During the first-quarter earnings call, Tan and his CFO, David Zinsner, highlighted the company’s strengths in the data center and PC markets.

“Even as we improve factory output, demand continues to run ahead of supply for all our businesses, especially for Xeon server CPUs where we expect sustained momentum this year and next,” Tan said on the call.

Out of the “multiple long-term supply agreements with key customers” it has for the data center business, Tan named Google as one of them, saying, “this is a good example of how we win in the AI infrastructure build-out” while teasing future announcements.

Intel CFO David Zinsner noted that its new Core Ultra Series 3 processors for PCs represented its “strongest product launch” in five years. This helped its PC business grow 1 percent in the face “industry-wide component shortages and inflationary pressures,” with AI PC chips now representing over 60 percent of the client processors it ships.
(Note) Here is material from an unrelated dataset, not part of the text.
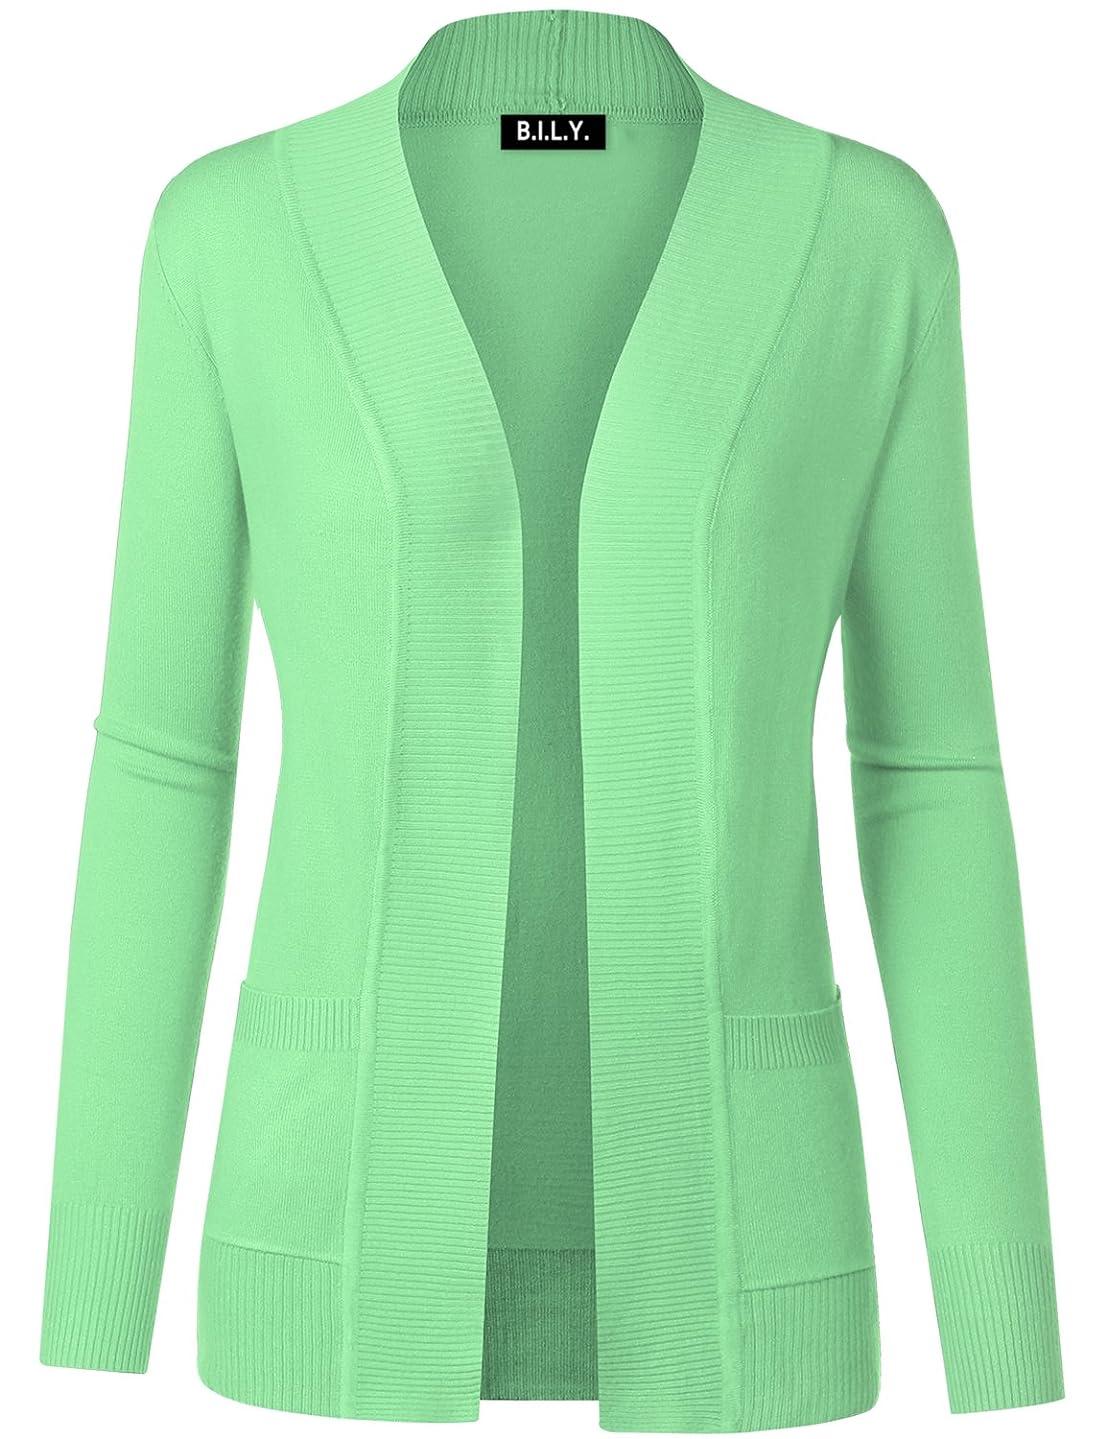 BH B.I.L.Y USA Women's Open Front Long Sleeve Classic Knit Cardigan Mint 2 Medium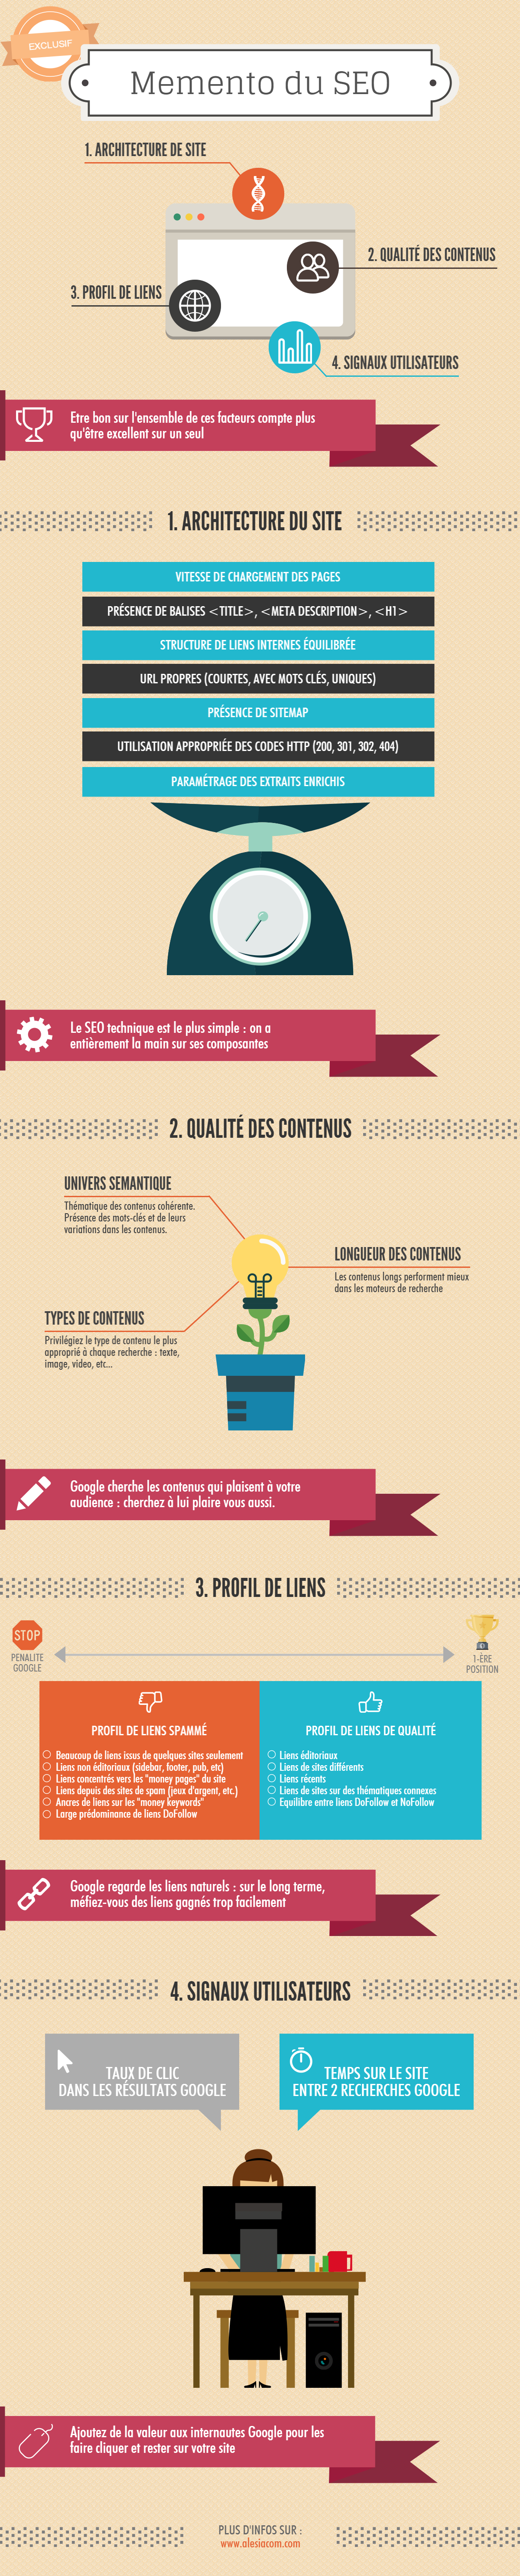 Infographie : memento du SEO

Intel Manufacturing Improves But Foundry Customers Still Needed

From a manufacturing perspective, Tan reported that the company is making progress for its Intel 4 and Intel 3 nodes as the yields for its most advanced process, Intel 18A, “are now running ahead of the internal projection, representing a meaningful inflection in our execution and our factory finished goods output.”

The CEO continued to sound confident about prospects for the Intel Foundry contract chip manufacturing business, which is still in need of big customers for long-term success.

According to Tan, the company has grown the customer backlog for its Intel 18A-P and Intel 14A nodes, the latter of which represents its most advanced process. He added that the maturity, yield and performance for 14A are “outpacing” its predecessor, 18A.

While Intel has yet to announce any major foundry customers, Tan said, “We expect to see earlier design commitments emerge, beginning in the second half of 2026 and expanding into the first half of 2027” while noting exploratory work with Elon Musk’s companies.

How Else Intel Hopes To Improve Amid Global Concerns

Despite the progress the company has made, the CEO warned multiple times during the earnings call that “we still have a lot of work ahead.”

With Intel’s data center business growing 22 percent year over year in the first quarter and the company expecting further double-digit growth, Tan said he’s “confident that the CPU franchise will continue to be a meaningful growth engine for the for the company in the years ahead.”

But he noted that the company still has room for improvement in other areas.

For instance, Intel is planning to reverse a decision made before Tan’s time to remove multithreading from the company’s Xeon road map with the introduction of the “Coral Rapids” CPUs, which are set to succeed this year’s “Diamond Rapids” chips that will lack the feature.

The chipmaker is also “quietly building up” the company’s new GPU offerings, Tan said, after previous accelerator chip efforts failed to catch traction.

“The accelerator remains central to frontier AI, and we will continue to participate, innovate and partner in that category,” he said.

Intel is also facing what Zinsner called “dynamic” macroeconomic and geopolitical environments without mentioning the U.S. war on Iran and ongoing tariff changes.

“Views on global growth, policy and trade continue to shape customer behavior and investment decisions,” he said. “In addition, constraints and rising prices around key components like memory, wafers and substrates are driving higher costs that could impact demand for our product at some point in the year.”

Against all this, Tan said there is much more for the company to accomplish.

“It has been an eventful first year for me at Intel. It is gratifying to see our progress, even as we know we have a lot more to do,” he said.